Background: Despite the availability of vaccines against SARS‑CoV‑2, mortality due to COVID-19 continues to increase, with nearly 7 million deaths reported globally. Continued analysis of the evolution and genomic diversity can provide necessary information to timely inform public health responses. We report the dynamics of SARS‑CoV‑2 lineages in Burkina Faso between August 2021 and September 2022.
Methodology: A total of 188 patients, whose nasopharyngeal and/or oropharyngeal swabs tested positive for SARS-CoV-2 by RT-PCR at the National Influenza Reference Laboratory (NIRL) of the Institut de Recherche en Sciences de la Santé (IRSS) in Burkina Faso, were sequenced, and the whole genomes of the virus annotated and screened for mutations using the ARTIC protocol and Oxford Nanopore Technology.

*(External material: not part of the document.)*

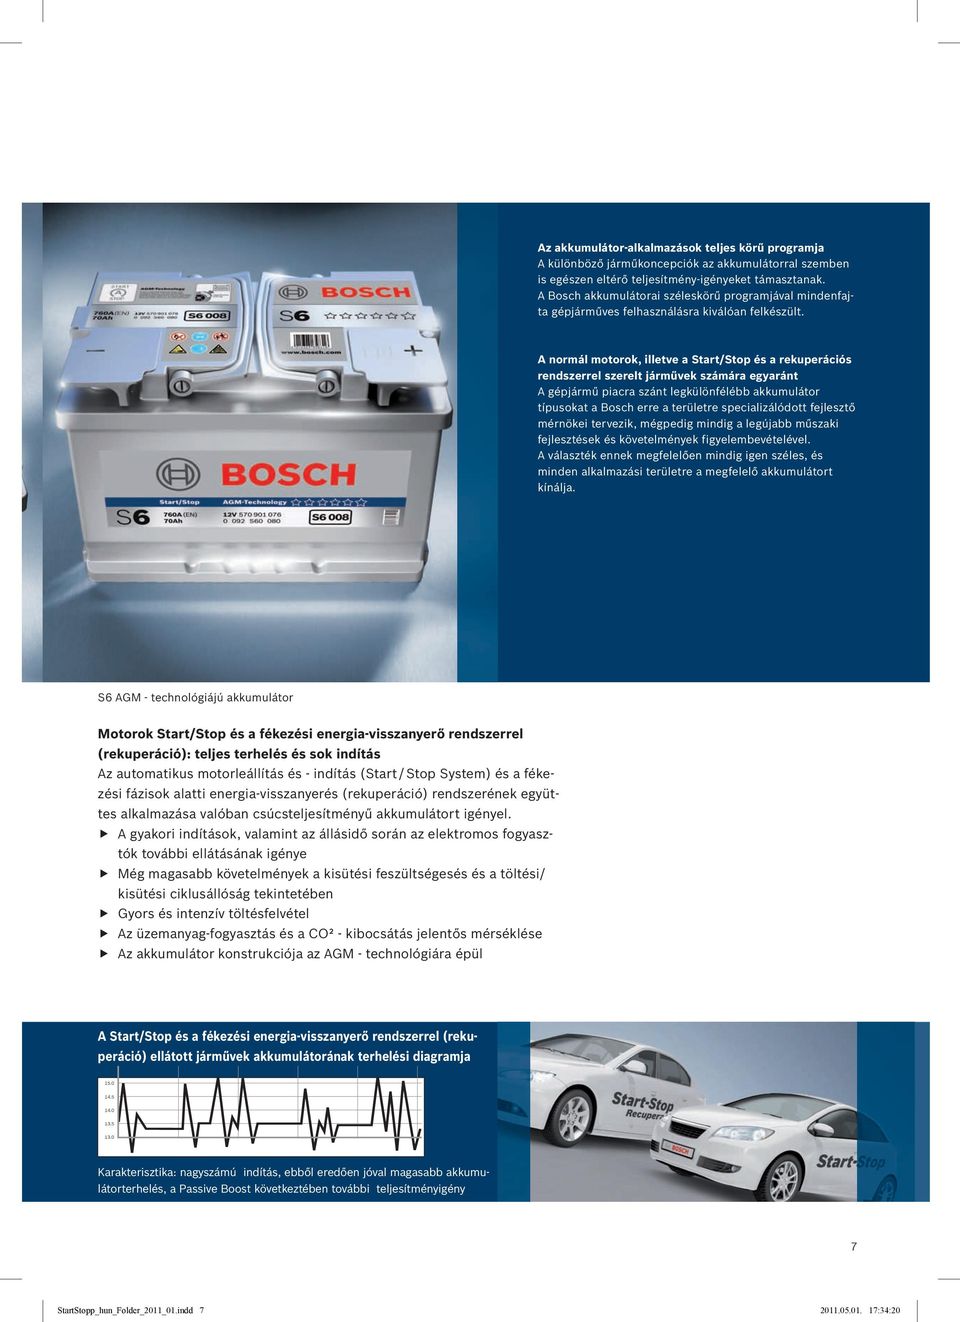 A normál motorok, illetve a Start/Stop és a rekuperációs rendszerrel szerelt járművek számára egyaránt A gépjármű piacra szánt legkülönfélébb akkumulátor típusokat a Bosch erre a területre
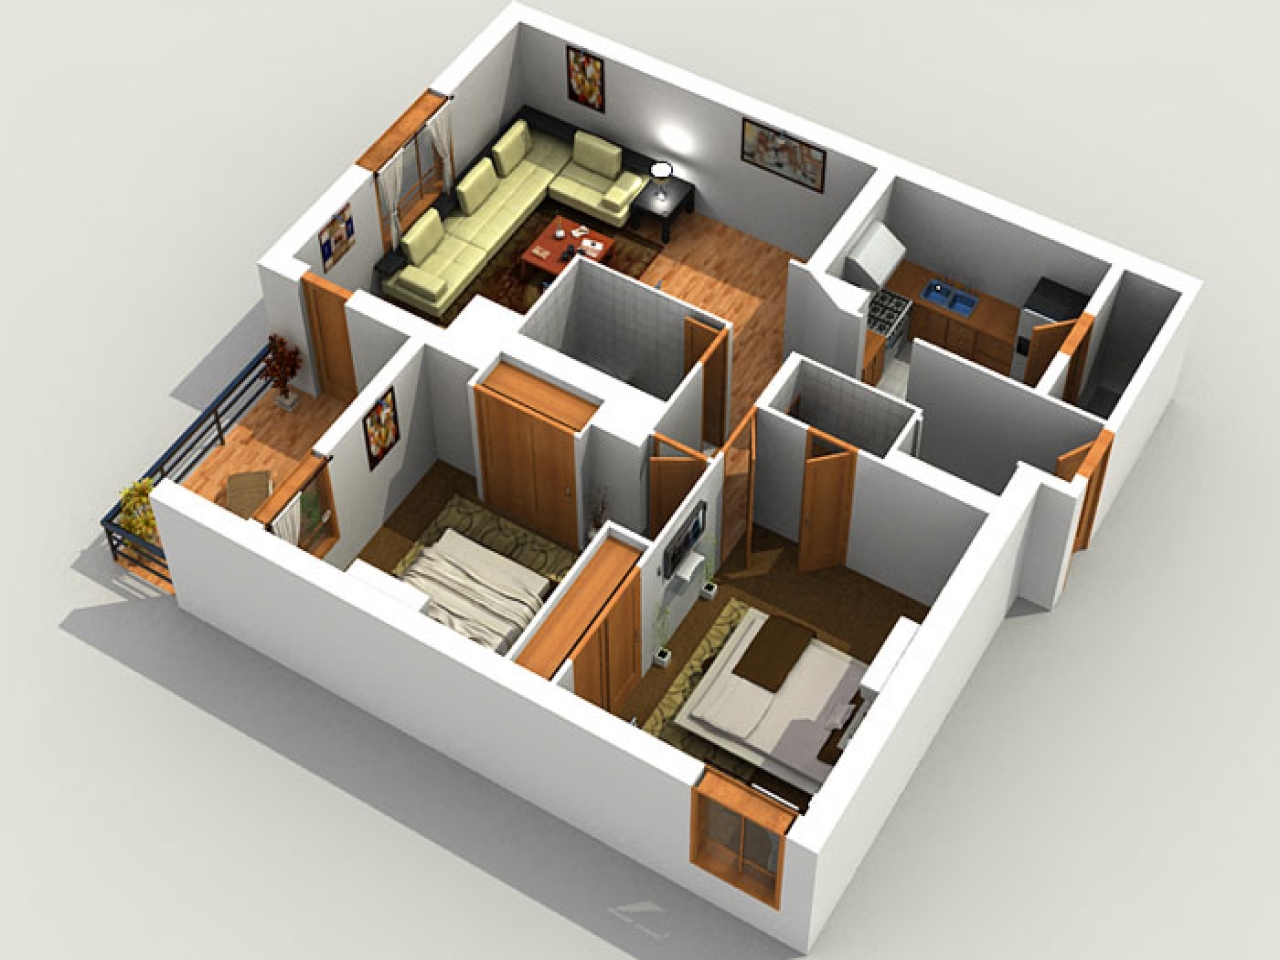 Д3 дом. 3d проектирование интерьера. Проект квартиры. 3d планировка. 3 Д моделирование домов.

Subsequently, different SARS-CoV-2 lineages  were assigned using NextClade. The socio-demographic characteristics of the study participants were collected. Descriptive statistics on the data were conducted using R software version 4.3.2. Comparisons were made using the Chi-square test for qualitative variables, and statistical significance was set at p<0.05.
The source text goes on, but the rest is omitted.